Клаус открыл дверь, на которой была криво прибита табличка: «Коммерческий отдел. Лулу Пиг, редактор». Ну и где эта Лулу? В кабинете никого, за исключением маленькой собачонки, носившейся по рабочему столу вокруг горшка с цветком. Клаус подошёл поближе. На столе он увидел поднос с пирожными, чайник и три чашки, книгу «Простые чары для домашнего уюта», колоду для пасьянса, которая при его приближении открылась и карты веером вылетели на стол. Над рабочим креслом спицы меланхолически вязали полосатый шарф, такой длинный, что часть его грудой лежала в кресле, и такая же груда была на полу. Рабочие принадлежности представлены тремя папками. Первая красная, с надписью: «Важно!», вторая серая, с табличкой: «Попозже», на третьей, чёрной, значилось: «Потом как-нибудь». Не удержавшись, Клаус протянул руку к папкам, но тут собачка огласила комнату визгливым лаем и ринулась на непрошенного гостя. По счастью, лапы её увязли в бесконечном шарфе, и она с грохотом упала на пол. В это время в кабинет влетела почтовая ворона и принялась рассовывать корреспонденцию по папкам. Рекламу губной помады и приглашение «К Сюзи на чашечку кофе» засунула в красную папку, листы с припиской: «Срочно!!!! Главный редактор» пошли в серую, рукописи отправились в «Потом как-нибудь».

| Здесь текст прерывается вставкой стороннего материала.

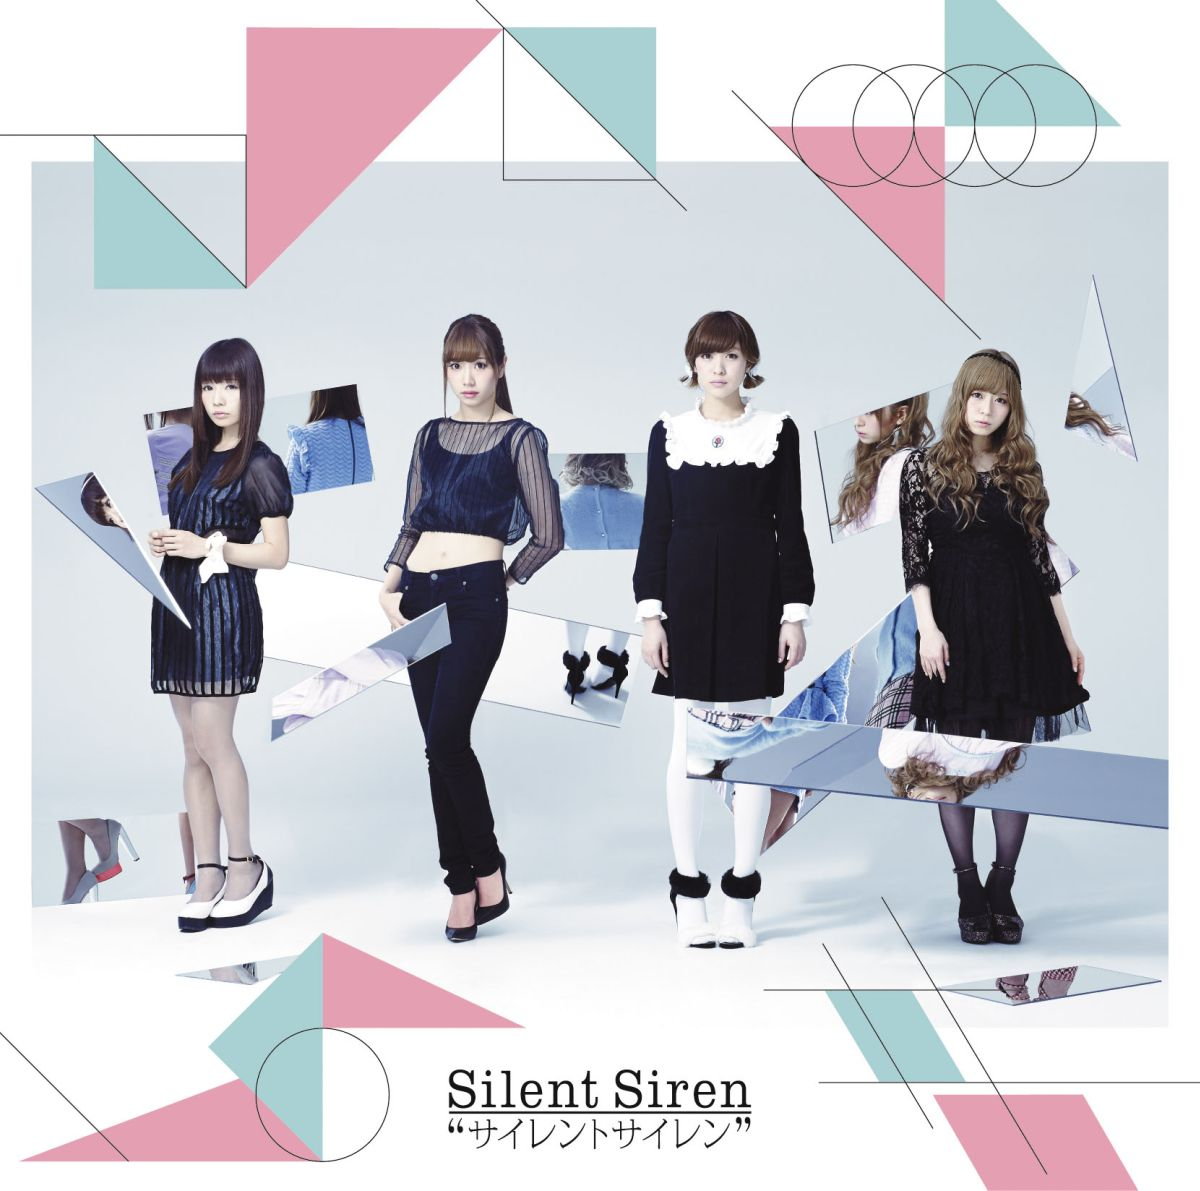 Silent Siren 3rd album

– Ты ничего не перепутала? – поинтересовался Клаус у вороны.
Та покачала головой, блеснула глазом, похожим на чёрную смородину, и выразительно постучала клювом по табличке «Лулу Пиг».
– А, тебя так просят раскладывать? – Клаус усмехнулся.
Рядом с напольными часами, чей бронзовый маятник мерно раскачивался за толстым стеклом, висел откидной календарь. Весь день Лулу Пиг был расписан по минутам:
10.00 Выпить кофе с пирожными
11.00 Зайти к Берти, похвастаться новыми туфельками
12.00 Отдых
И так далее. Работа в данное расписание не входила, зато стало понятно, где найти редактора коммерческого отдела. Клаус без труда разыскал табличку «Отдел современной литературы. Бертран Швайн, редактор» и вошёл, не церемонясь, без стука. В комнате, отделанной светлым деревом и затянутой гобеленами, было непривычно для «Рассвета» людно. Перед редакторским столом, за которым сидел сутулый, чахлый юноша (очевидно, Берти), расположилась целая делегация из семи гномов. Одеты старомодно – на голове у каждого колпачок, поверх шёлковой рубашки и жилета широкие кожаные пояса с петлями, чтобы крепить инструменты. Ясно, из старого клана рудокопов. И хотя никто из них кирку даже в глаза не видел, сразу видно – традиции чтут.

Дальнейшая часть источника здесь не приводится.